Иерусалимский синдром. Петр Альшевский
пойду. К пастве своей – к тем из них, кто еще на тот свет не переправился.
Вольтуччи. Ступай с Богом, отце.
Удилло. За тебя тоже помолиться?
Джокетто. А ты умеешь молиться «против»? Против всего. Помолиться Богу против самого Бога…
Удилло. Я пас! Не богоотступник я, синьоры. В нашей организации существует силы, которые хотели бы лишить меня духовного сана, но они лишь выкусят. Это долгая процедура – у них никак не хватит времени. Они проиграли! Остались ни с чем! Хо-хо-хо-хо!
Удилло уходит.
Луболо. Надо же быть такой дрянью – ни денег не отдал, ни даже до свиданья не сказал.
Джокетто. Но тут-то он прав – никакого свидания у нас с ним не будет.
Луболо. Сто лет бы его не было…
Джокетто. Его не будет гораздо большее число лет.
Флориэна. А где тот странный молодой человек с трубой? Играющий на ней не то, чтобы хорошо, но от чистого сердца.
Вольтуччи. Баллоне? Где-то здесь. Что ему будет – бродит, шастает, живет своим искусством. Позвать?

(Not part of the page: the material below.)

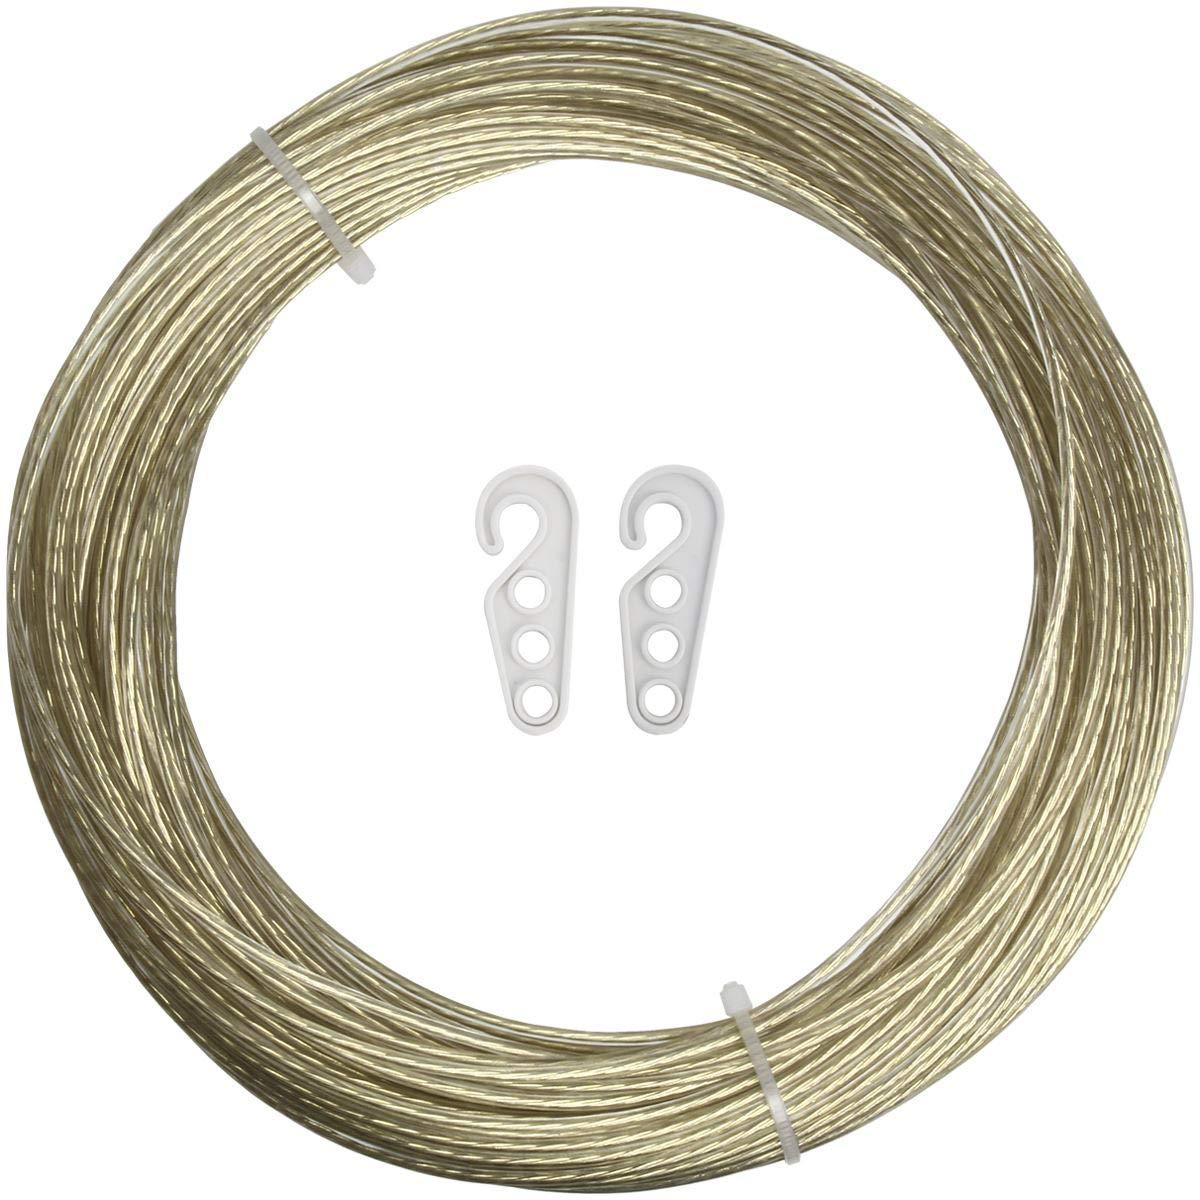 iGadgitz Home スチールコア 洗濯ロープ プラスチック PVCコーティング 衣類ロープ 洗濯ロープ 洗濯ロープ 屋外 庭 壁用 Length 98ft ゴールド U6940 B07N669MVT ゴールド Length 98ft

Джокетто. Рано. Не гони лошадей, Вольтуччи – они еще успеют взмылится. Впрочем, его можно позвать для того, чтобы он Флориэну еще раз поцеловал.
Вольтуччи. А когда был предыдущий?
Джокетто. Когда в спальню вы отходили. Паскуэлина и ты. Без перегибов в сторону меня или Инспектора. Мы оставались на местах. Вправе засвидетельстовать, что Баллоне ее не обидел.
Паскуэлина. (Флориэне) Тебя раньше кто-нибудь целовал? Чтобы изо всех сил. Как женщину.
Флориэна. Целовал.
Паскуэлина. Кто, если не секрет?
Флориэна. Я не помню его имени. Но я его любила. Очень, очень…
Паскуэлина. А он тебя?
Флориэна. Он никогда об этом не говорил. А я стеснялась спросить – брала его за руку, смотрела в глаза, хотела вести за собой. Но он не двигался. Будучи большим и тяжелым – не сдернешь. Увы…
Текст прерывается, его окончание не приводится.